Der Kranke las und immer lieber weilte er in den Stollen und Gängen der mystischen Lehren.

Das Haus war frei hingestellt, die ziemlich nach Nordosten belegene Stube ging nach den Gärten und nach dessen Rosenbüschen hinaus, und Morgensonne war so viel im Zimmer, wie man nur wünschen mochte.
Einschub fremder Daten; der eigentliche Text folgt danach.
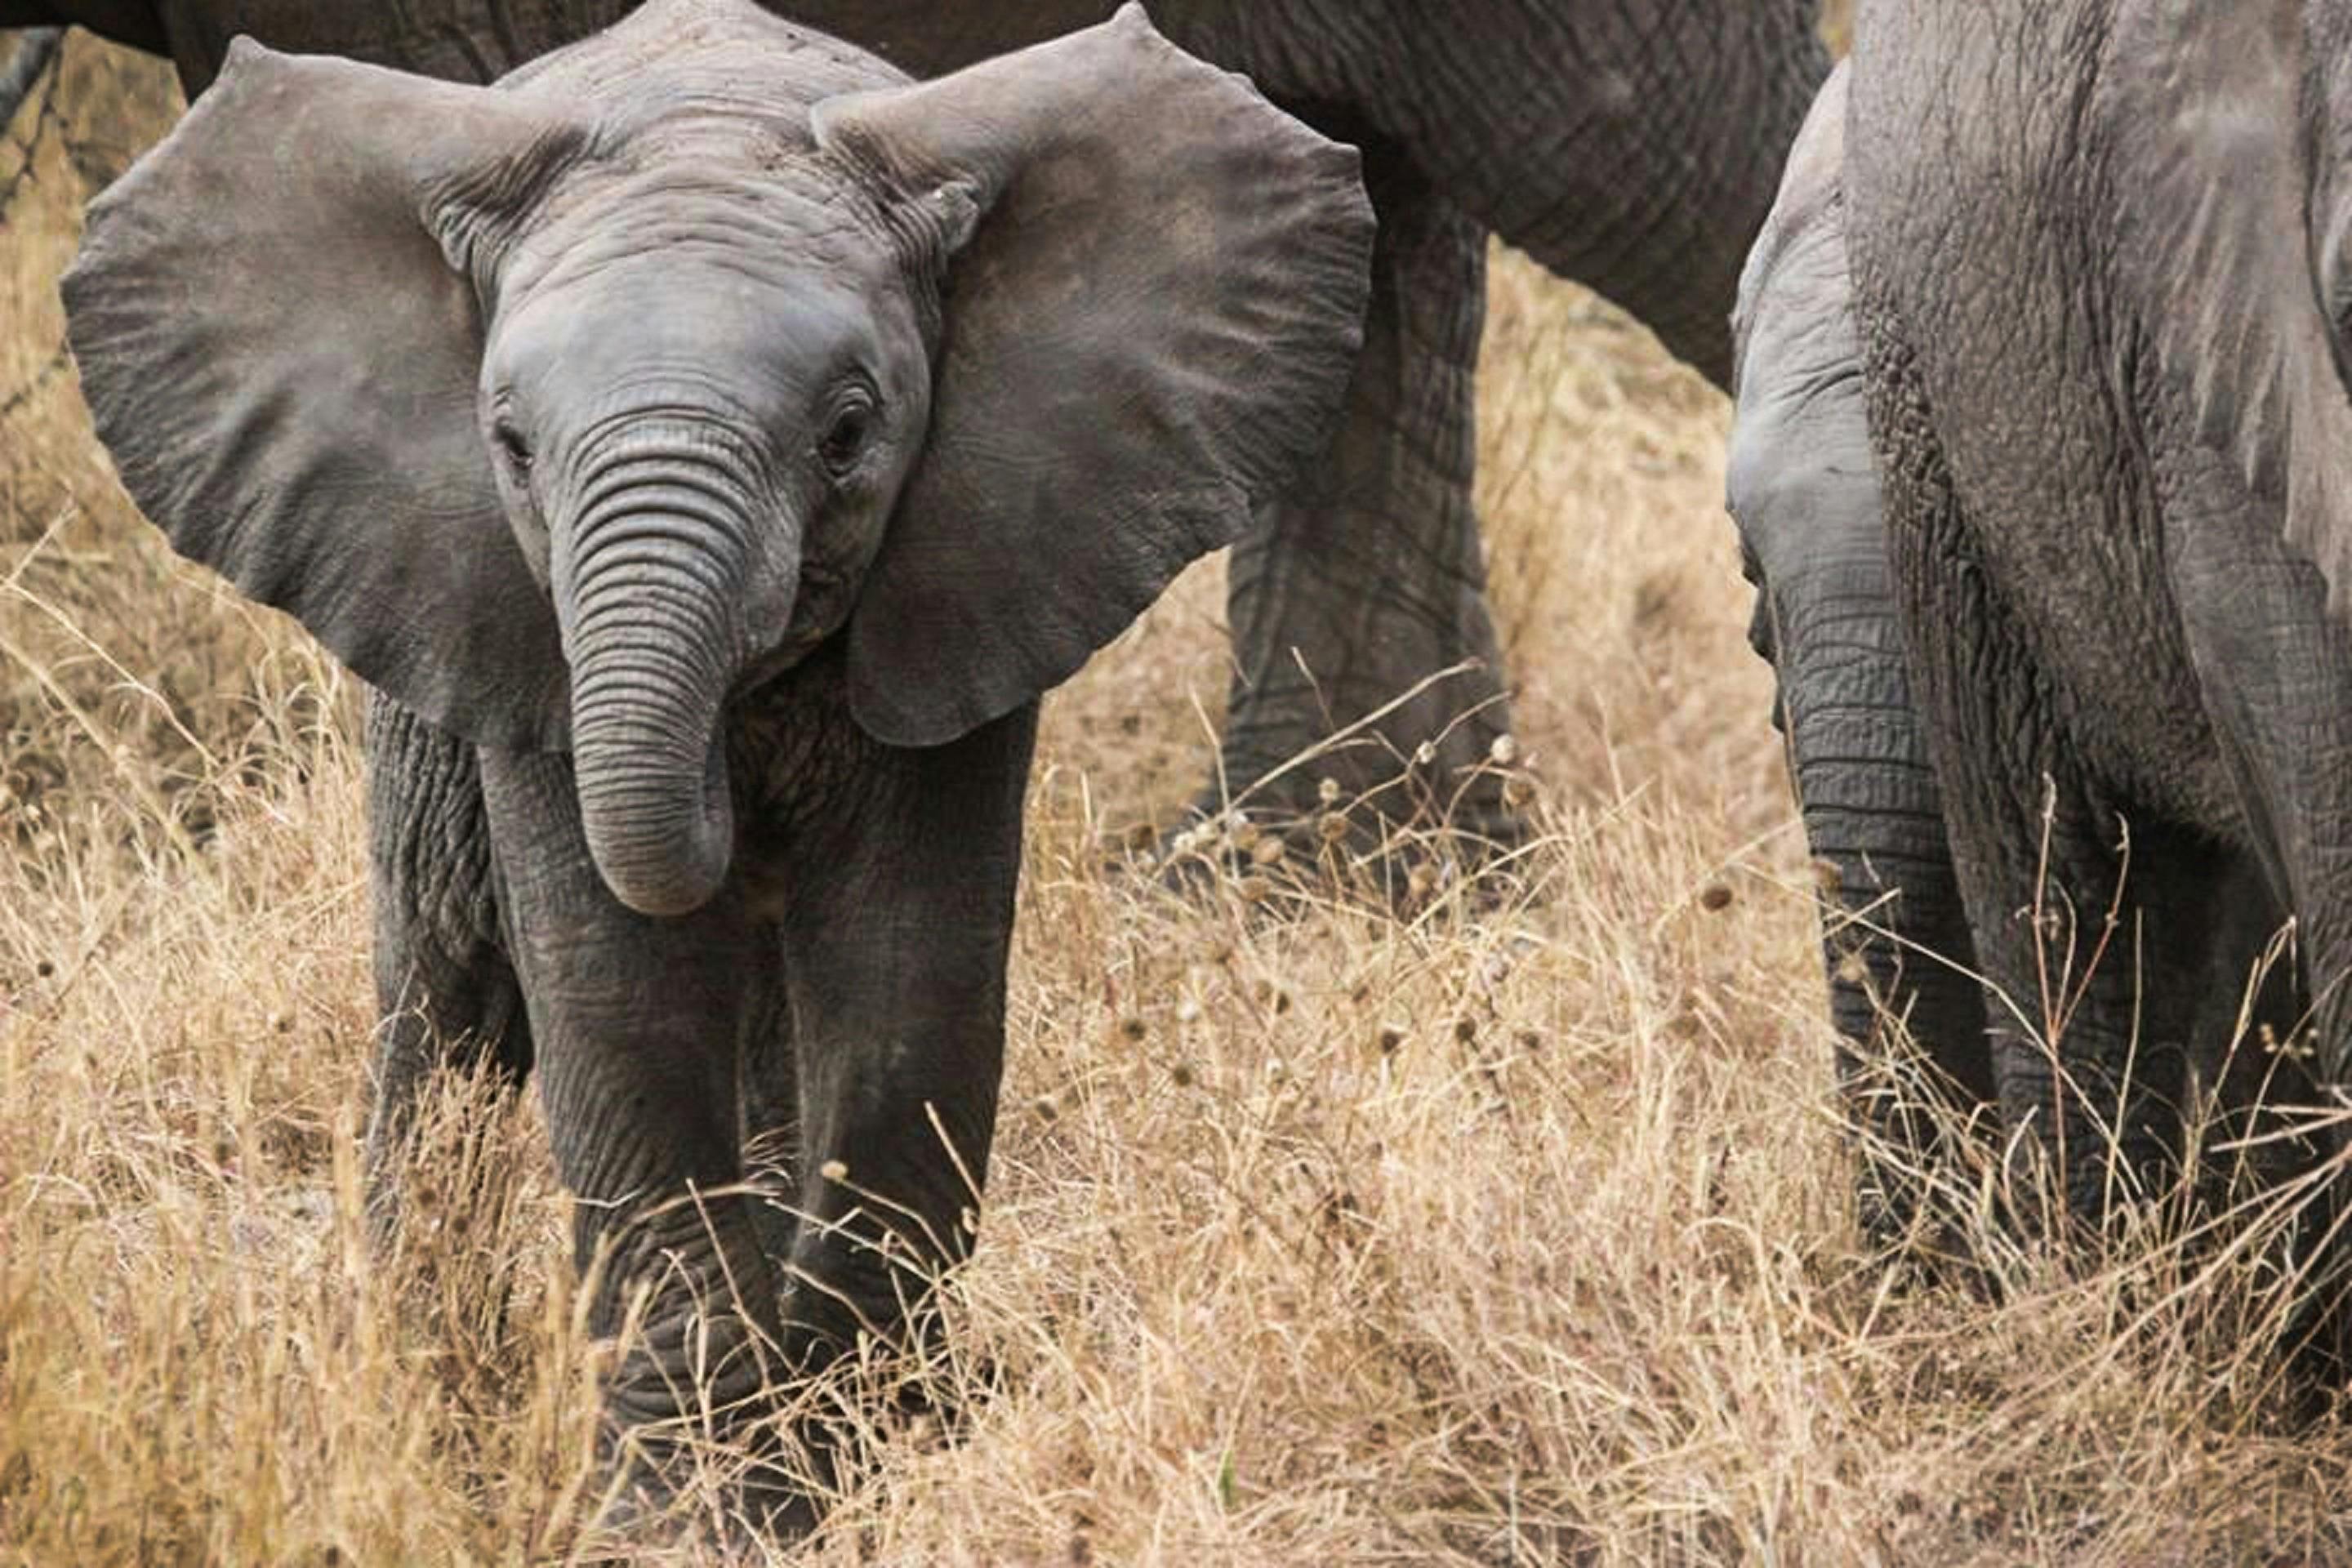 https://images.pexels.com/photos/59840/elephant-baby-safari-elephants-africa-59840.jpeg?cs=srgb&dl=pexels-pixabay-59840.jpg&fm=jpg

Sie kam durch die Glasveranda von den Blumentöpfen her, taufrisch und duftbeladen, und fing gleich an, die farbenschweren Sammtvorhänge nach Mutters Stube hin zu bleichen und die unter dem Kronleuchter baumelnde Papierrose zu bestrahlen. In den Papierrosen hatten sich meistens drei bis vier Fliegen vergraben, andere Paare schwirrten Kreise und Ellipsen um sie herum. Alle diese Geflügelten nährten ihr armes Fliegenleben von der Sonne, lobten sie, so gut sie konnten, und freuten sich eines sonnenhaften Fliegenfrohsinns.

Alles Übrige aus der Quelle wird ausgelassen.